Однако, со временем, год от году, золото, серебро, драгоценные каменья и еще кое-что, как вы сами понимаете...

8

Но однажды Майя исчезла на долгое время, сказав как-то, правда, загодя:

– Я больше не хочу.

– Чего не хочешь?

– А твойства.

Вано растерялся:

– Что это еще за твойство...

– А то, что не хочу я больше быть твоей.

И исчезла.

Душа этого Вано, как-то безотчетно для него самого, удваивалась согласными: ибо он-то ведь так или иначе принадлежал природе, а природа в своих четких проявлениях – будь то гром, шелест деревьев, шум воды, ну и что бы еще там ни было,– выражает свою душу согласными.
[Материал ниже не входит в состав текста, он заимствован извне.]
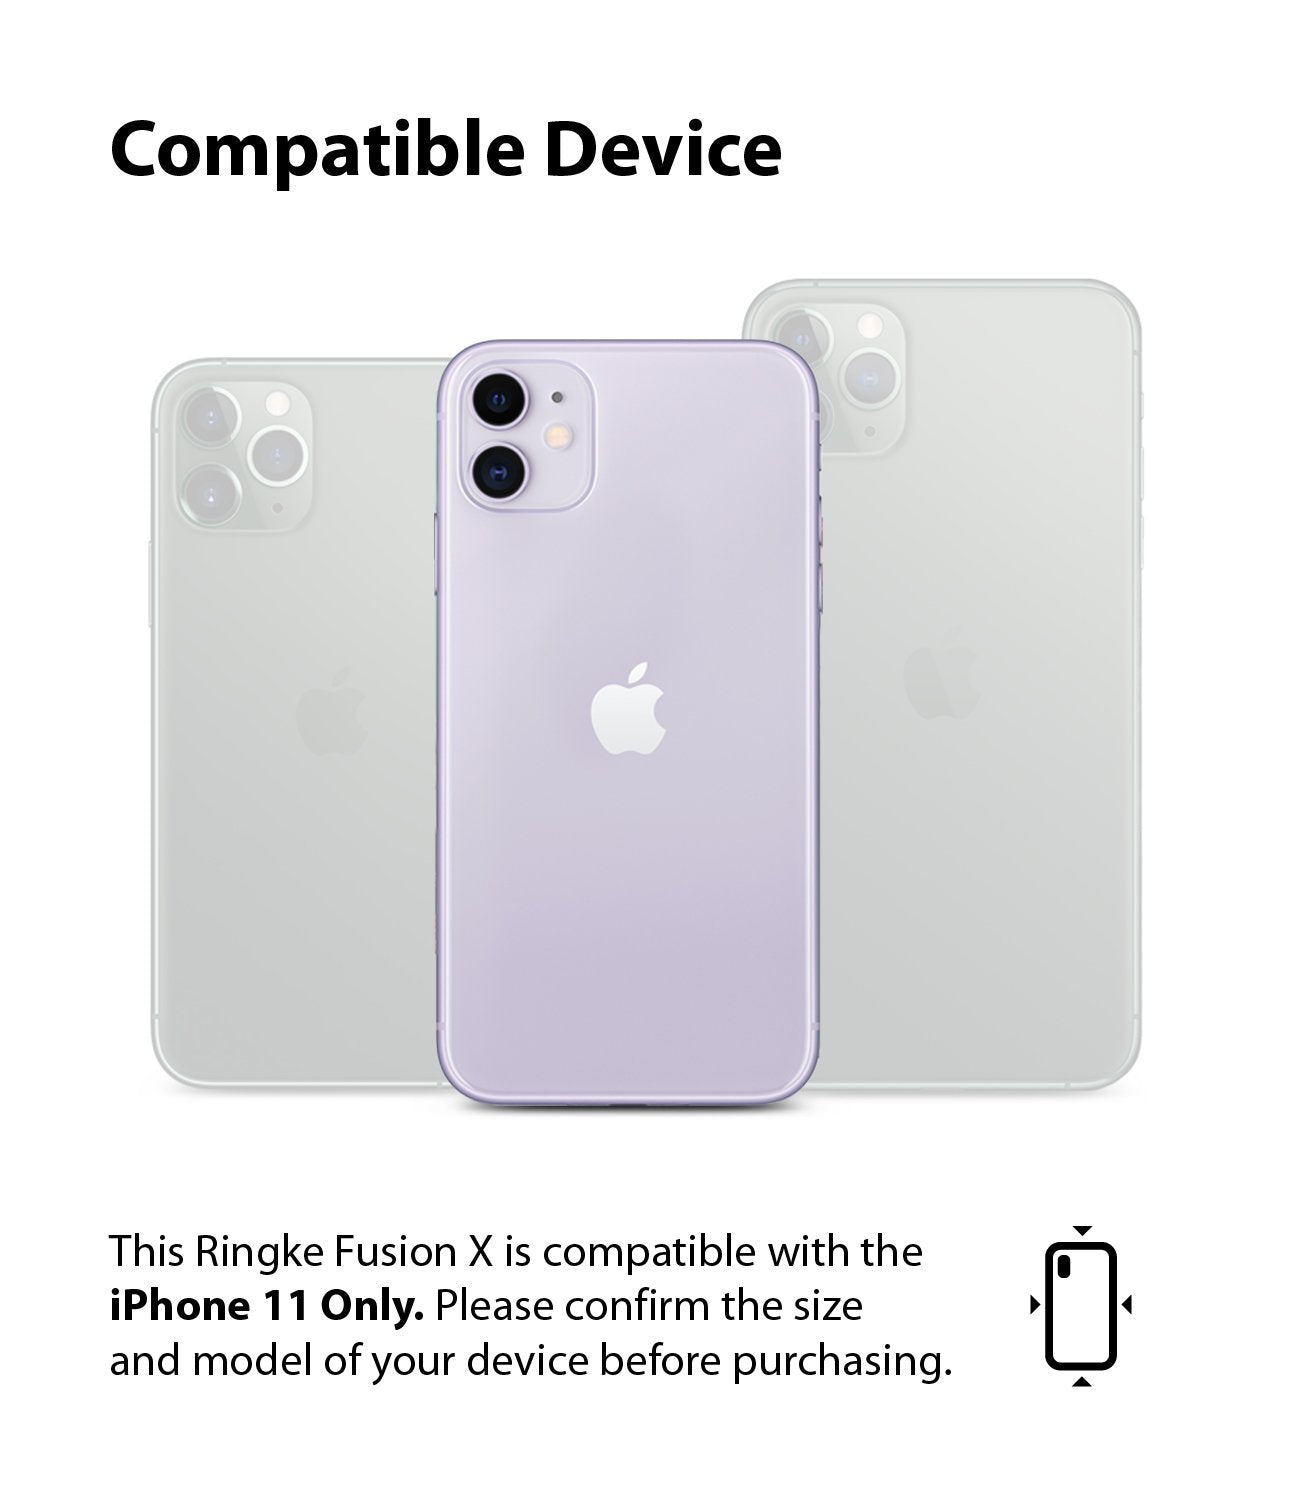 Ringke Fusion-X Matte for iPhone 11 Compatibility

Что без Майи ему было никак нельзя, он это отлично понимал, но поначалу, хоть и встревоженный, обнадеживал себя мыслью, что не больно-то красива его бывшая владычица: «Ничего, куда ей деваться, заявится».
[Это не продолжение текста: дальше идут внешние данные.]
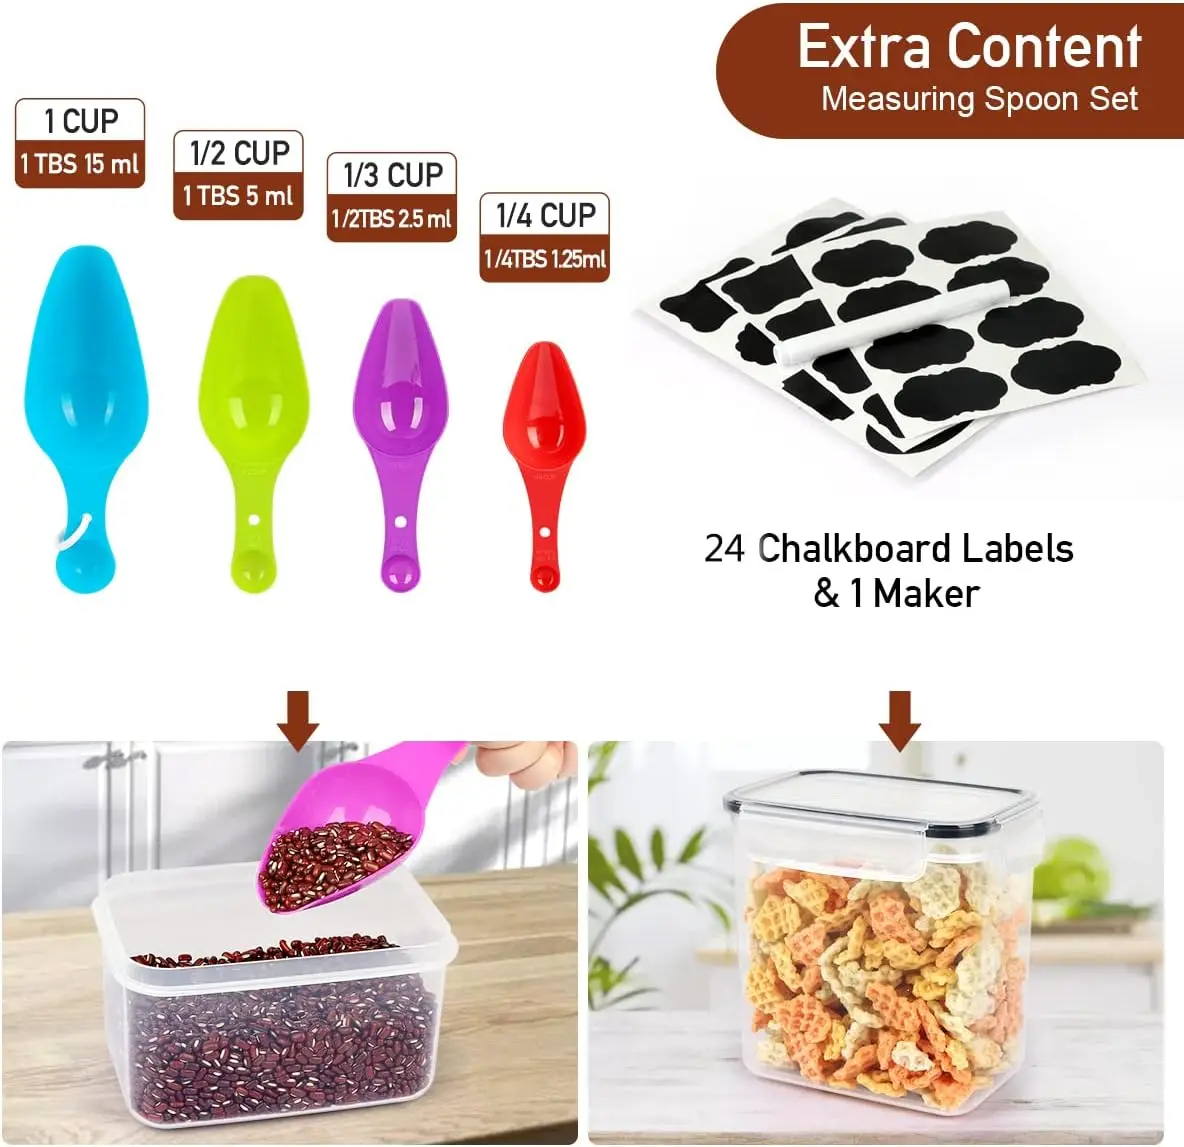 https://ae01.alicdn.com/kf/S5585deaa10ae46209d74a9eb8a2c221b2/PCS-Airtight-Food-Storage-Containers-With-Lids-BPA-Free-Cereal-Containers-Storage-for-Kitchen-Pantry-Organization.jpg

Но Майи-предтечи все было не видать.

Что за странное у нее, однако, было имя – одна согласная и целых три гласных, без которых невозможно разбавить сухие звуки; а ее все не было и не было, и он тоскливо и беспомощно взирал на кое-как накорябанные затрепанные единства, ободряя себя мыслью, что на свете существует подобие моста такого рода, такой самый сподручный исполнитель, как дефис, а уж относительно тире и говорить нечего, чего только оно, надежное из надежных, не связывало! Или взять хотя бы многоточие – полная тебе воля, полная свобода, да и только, – валяй, ставь, где ни попадя...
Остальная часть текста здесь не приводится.